There are a bunch of languages where empty arrays are "falsy", and in those it's not recommendable to use the two to differentiate valid states. Feels like the same could apply here

tialaramex|2 years ago

The main complaint in the post is basically that Rust's actual bona fide slice type doesn't work the way cobbled together library types for this purpose in C or C++ do.

The C++ type discussed is much newer than Rust (std::span was standardized in C++ 20).

Yes in many cases what C++ APIs mean here isn't a slice of zero Ts at all but instead None, and Rust has an appropriate type for that Option<&[T]> which works as expected, and so in many cases where people have built an API which they think is &[T] and are trying to make it with the unsafe functions mentioned it's actually Option<&[T]> they needed anyway, they don't even have a type correct design.

anonymoushn|2 years ago

Unfortunately empty slices are pretty useful, particularly for strings. For example, if you want to represent HTTP response headers, you might include a bunch of nigh-ubiquitous headers in a struct and punt the others to a hash table, and you would then have to represent both empty-valued-and-present headers and missing headers for those headers you placed in the struct.

cozzyd|2 years ago

I thought the justification for Rust having an unstable ABI is so such things like binary representations of types could change?

vardump|2 years ago

Fun times with buggy kernel drivers.

Pass something with a 0 length, pointing to NULL. Enjoy your blue screens and kernel panics.

pizlonator|2 years ago

It’s so silly to talk about C not allowing null on memcpy. That’s a thing the spec says, I guess?

The solution is clear: just ignore the C spec. It’s total garbage. Of course you can memcpy between any ptr values if the count is zero and those ptr values don’t have to point to anything.

JonChesterfield|2 years ago

Better be rolling your own compiler in that case. Or your own memcpy with a different name.

UB to pass memcpy to null means after that call, the pointer is assumed to be non-null. So if(ptr) can constant fold. Maybe faster.

I'm in agreement with you on this but your compiler probably isn't.

anonymoushn|2 years ago

This is a bad idea if your memcpy starts by adding len to src or dst, since nullptr + 0 is nasal demons in C.

SonOfLilit|2 years ago

What a wonderfully subtle issue.

pyrolistical|2 years ago

How does zig handle this? Does it just have its own slice representation that gets compiled away? Or does it disallow zero length slices?

anonymoushn|2 years ago

Zig slices are (start, count) where start's type is non-nullable pointer.

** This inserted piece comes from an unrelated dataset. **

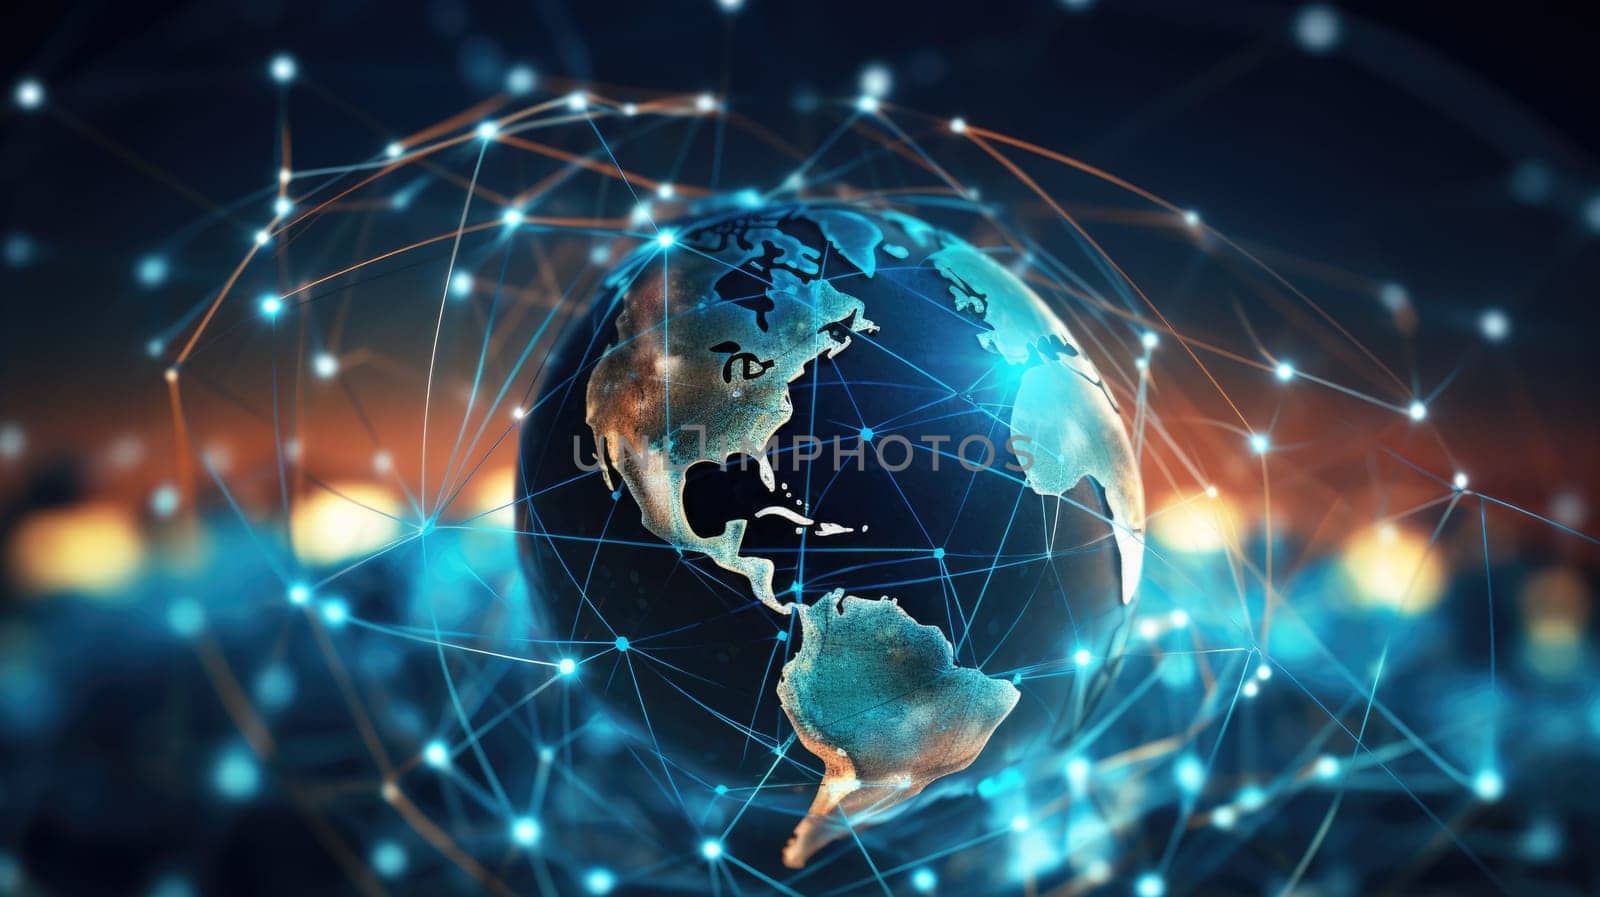 Communication technology with connections around globe Earth showing concept of Internet, IoT, cyberspace, global business, innovation, big data science, digital finance, blockchain.
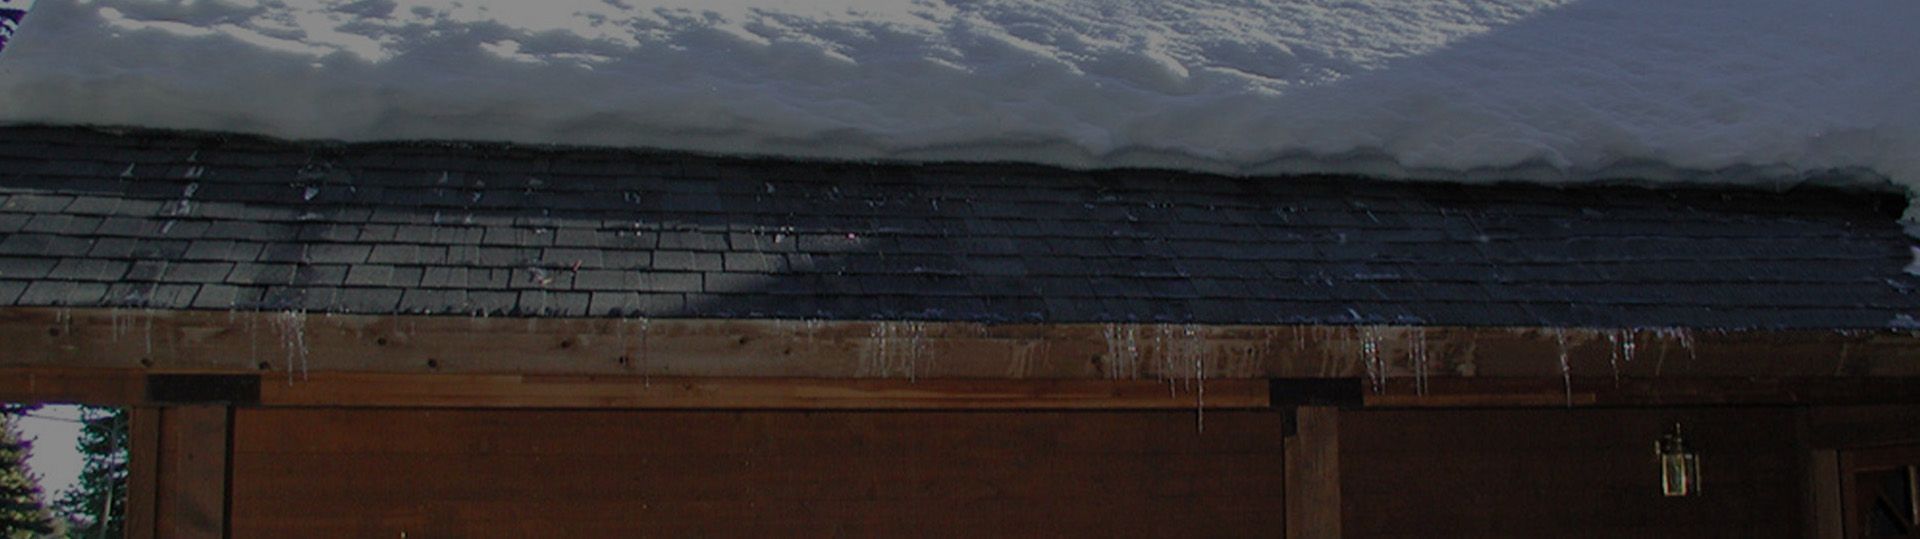 Self-regulating heat cable for roof de-icing banner

My impression is that Zig doesn't have a documented memory model that cares about things like whether an address corresponds to an allocation or not, so problems relating to this sort of thing cannot come up yet :)

stealthcat|2 years ago

In ML the problem is passing 0D scalar tensor as 1D 1-element tensor.

hackyhacky|2 years ago

> Passing nothing is surprisingly difficult

From the title, I assumed that this article was going to be about either (a) permissive grading standards at university or (b) chronic constipation.

dmvdoug|2 years ago

In fairness, both of those are also surprisingly difficult.